Analysts of Coresight Research projected that about 25% of american shopping malls will disappear within the next three to five years. But Coresight CEO Deborah Weinswig warned the number could go “as high as 50% if we can’t stop the bleeding. This will end up changing the face of America”.
Even before the pandemic, world retail was in the midst of radical changes, of which malls are an integral part. In the United States, however, the crisis in this sector is having an impact that is not comparable with the rest of the world. After all, what is at stake here is a distinctive feature of the retail landscape of that country.
The American malls crisis is closely entwined with that of department stores, covering about 30 percent of their space. According to Green Street Advisors, the British industry leader in real estate, more than half of department stores in shopping malls could close by the end of 2021. Some large retailing chains are no longer able to pay the rent and, after the winding up of a retail icon like Sears it was the turn of Neiman Marcus and JC Penney to file for Chapter 11 bankruptcy protection.
Department stores are considered anchor stores at shopping malls, and justify their existence by attracting shoppers and pedestrian traffic. The other mall tenants have leases with a so-called co-tenancy provision allowing to pay a reduced rent or even terminate the lease if two or more anchor shops leave a location. Overall, the announced closures cover more than 83 million square meters of retail space.
Other world-renowned brands are abandoning at an increasingly fast pace what were once the cathedrals of commerce. In the fashion sector in particular, clothing stores occupy today half of the malls space.
CONVERSION AND REPOPULATION
There is therefore a strong case for redevelopment and reuse options. At the centre of the discussion, passionately shared also on social media, is the future of the peripheral areas, with many communities in favour of the conversion into local markets or office spaces or, even, affordable housing.
Much attention will in any case have to be paid to small shops. If, as expected, rental prices in large areas will drop, it would make sense for traditional establishments to take ‘shelter’ in shopping malls, relying on the desirable greater level of pedestrian flow than in their original locations.

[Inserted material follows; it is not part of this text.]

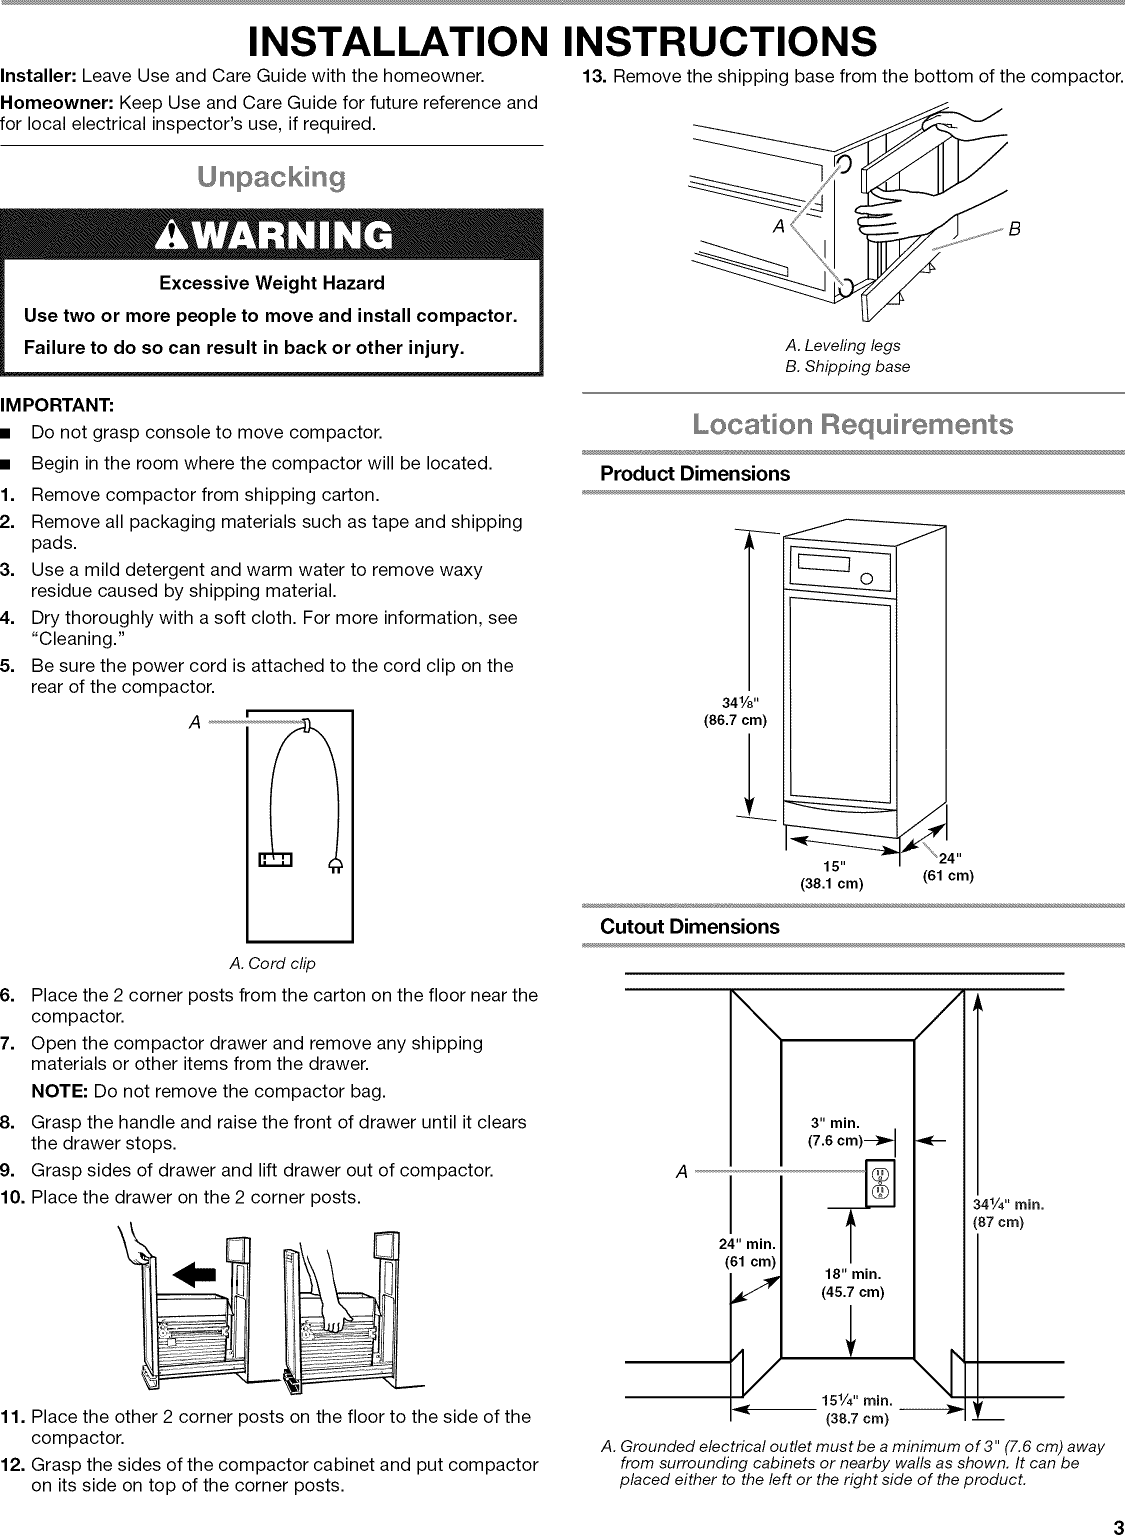 Page 3 of 12 - Whirlpool GC900QPPB6 1512363L User Manual  TRASH COMPACTOR - Manuals And Guides
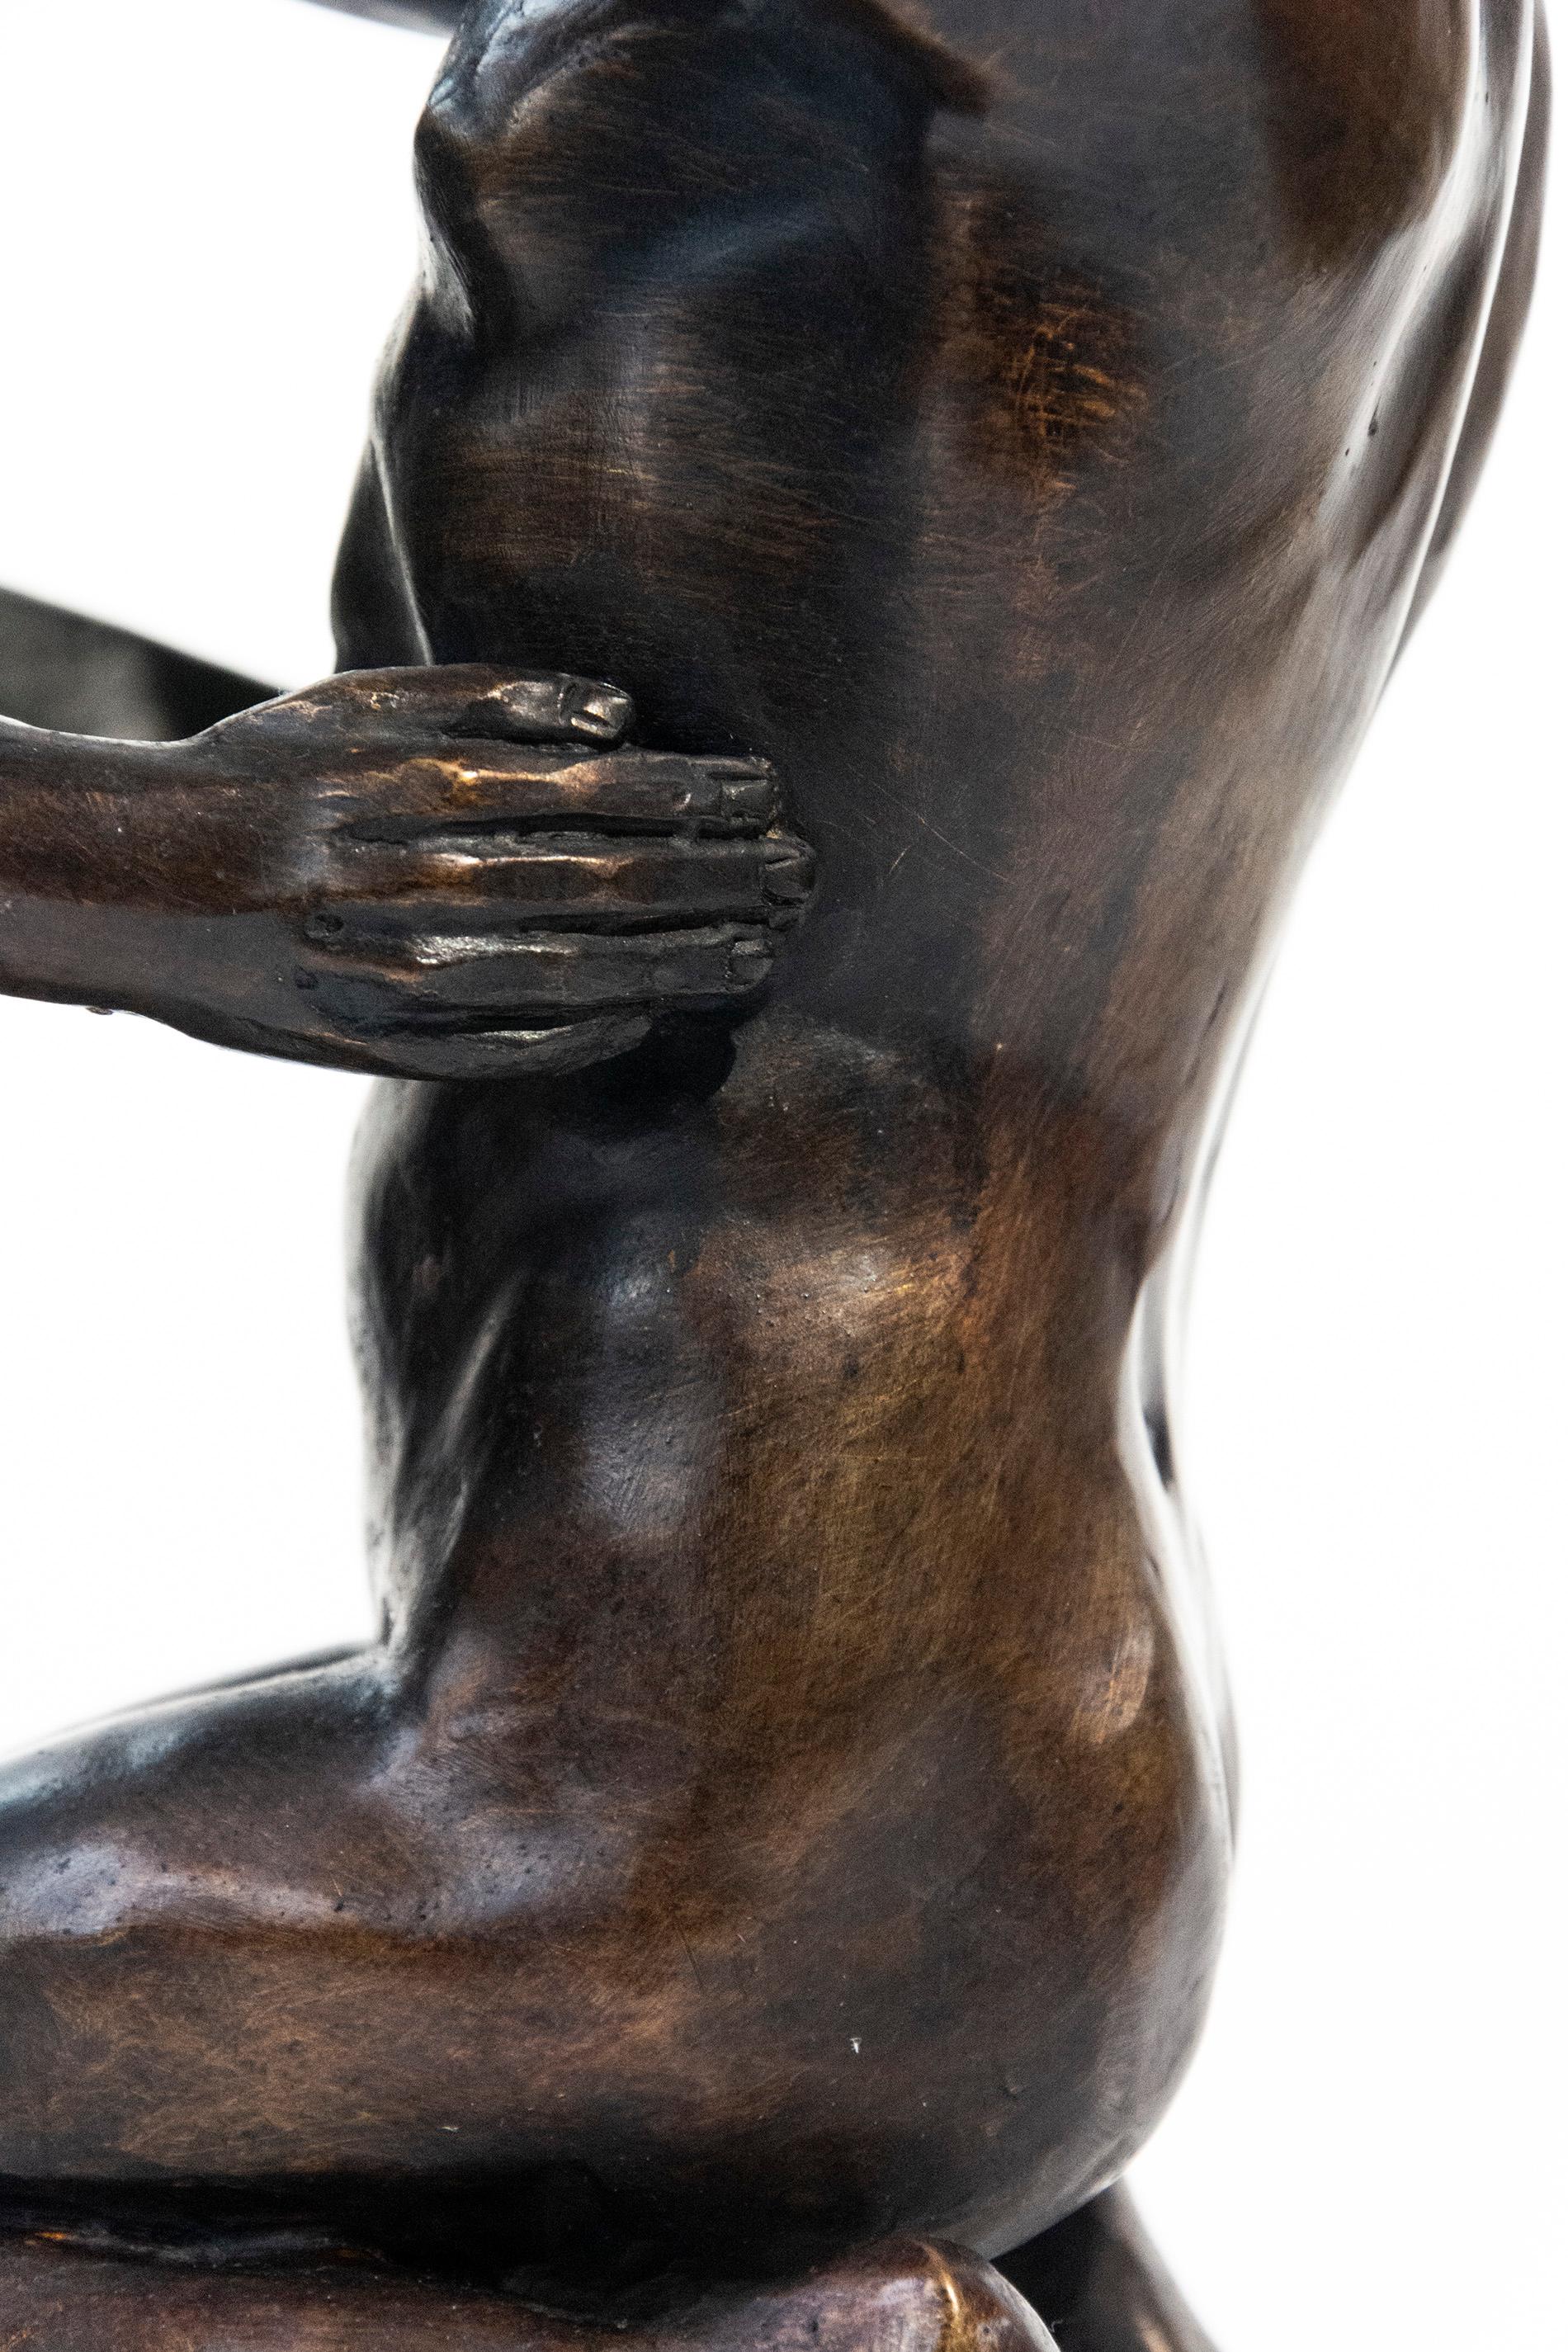 He loved being in love 12/30 - playful, figurative bronze sculpture - Gold Figurative Sculpture by Gillie and Marc Schattner

It is too early to estimate with good approximation what will be the definitive effects of the lockdown on consumer behaviour throughout the world. Social distancing is not going to be a short-lived phenomenon and could affect the behaviour of hundreds of millions of people. Many customers, who were already shopping online or turned to it because of Covid-19, could increasingly choose to stay away from enclosed places.
In Asia, from Bangkok to Singapore, entire malls hit by the aftermath of the pandemic are veering towards e-commerce.In Singapore, May retail sales plummeted by 52.1% compared to 2019, the highest negative spike since this market began breaking records in 1986, and last quarter data shows that its economy has fallen into recession.
Marina Square, one of the world’s most important shopping complexes, nestled among luxury hotels and tourist attractions in the centre of the island, is creating its virtual replica thanks to the support of Lazada. The company, controlled by the Alibaba Group since 2016, is the largest e-commerce operator in the Southeast Asia region which includes — in addition to Singapore — Indonesia, Malaysia, Philippines, Thailand and Vietnam.
It is too early to design paths and dimensions of the phenomenon which will undoubtedly end up coexisting with traditional malls and certainly not for replacing their global presence. But this process had precisely and effectively started from the east, where the international balance of retail is shifting and the boundaries of competence will certainly have to be defined.
According to the National Council of Shopping Centers, at the end of 2019 there were 1220 centers in Italy, including malls, retail parks and factory outlets, accounting for a turnover of €139 billion, produced with 587,000 employees, with an impact on the GDP of 4%.
In our country, where most of the shops reopened on 18 May, the customer frequency data in the first days following the lockdown turned out to be more positive than expected, recording, however, a decrease of 25% compared to the same period of last year. Over the past twenty years, this sector has enjoyed unlimited expansion with over 13 million square meters. Already last year, however, ShopperTrak Italia had highlighted a significant decrease of 6.2 percentage points from the previous year.
Few malls have shown a noteworthy trend. According to Confimprese, Oriocenter boasts an increase in turnover of 13%, a somewhat comforting figure given that the center is located in one of the Italian areas most affected by the pandemic.
A sharp fall of rental demand in large commercial areas is very likely. The task force led by Vittorio Colao for the restart of phase 2, has drawn up a list of 97 items with the indication of the risk level, including in Class 4, i.e. with a high risk rate, precisely the shopping malls.
KEEPING AN EYE ON THE RULES
In addition to dealing with the effects of the pandemic and designing the subsequent business models, there is the need to respect urban constraints and territorial planning regulations. With the rising car traffic and related increased impact on the landscape, especially in urbanised areas, the European Court of Justice confirmed in 2018 the validity of tax incentives for large commercial areas. Obviously, the rules for the protection of the environment must be seen as part of the assessment of the strategic importance of sustainability in any recovery and development model.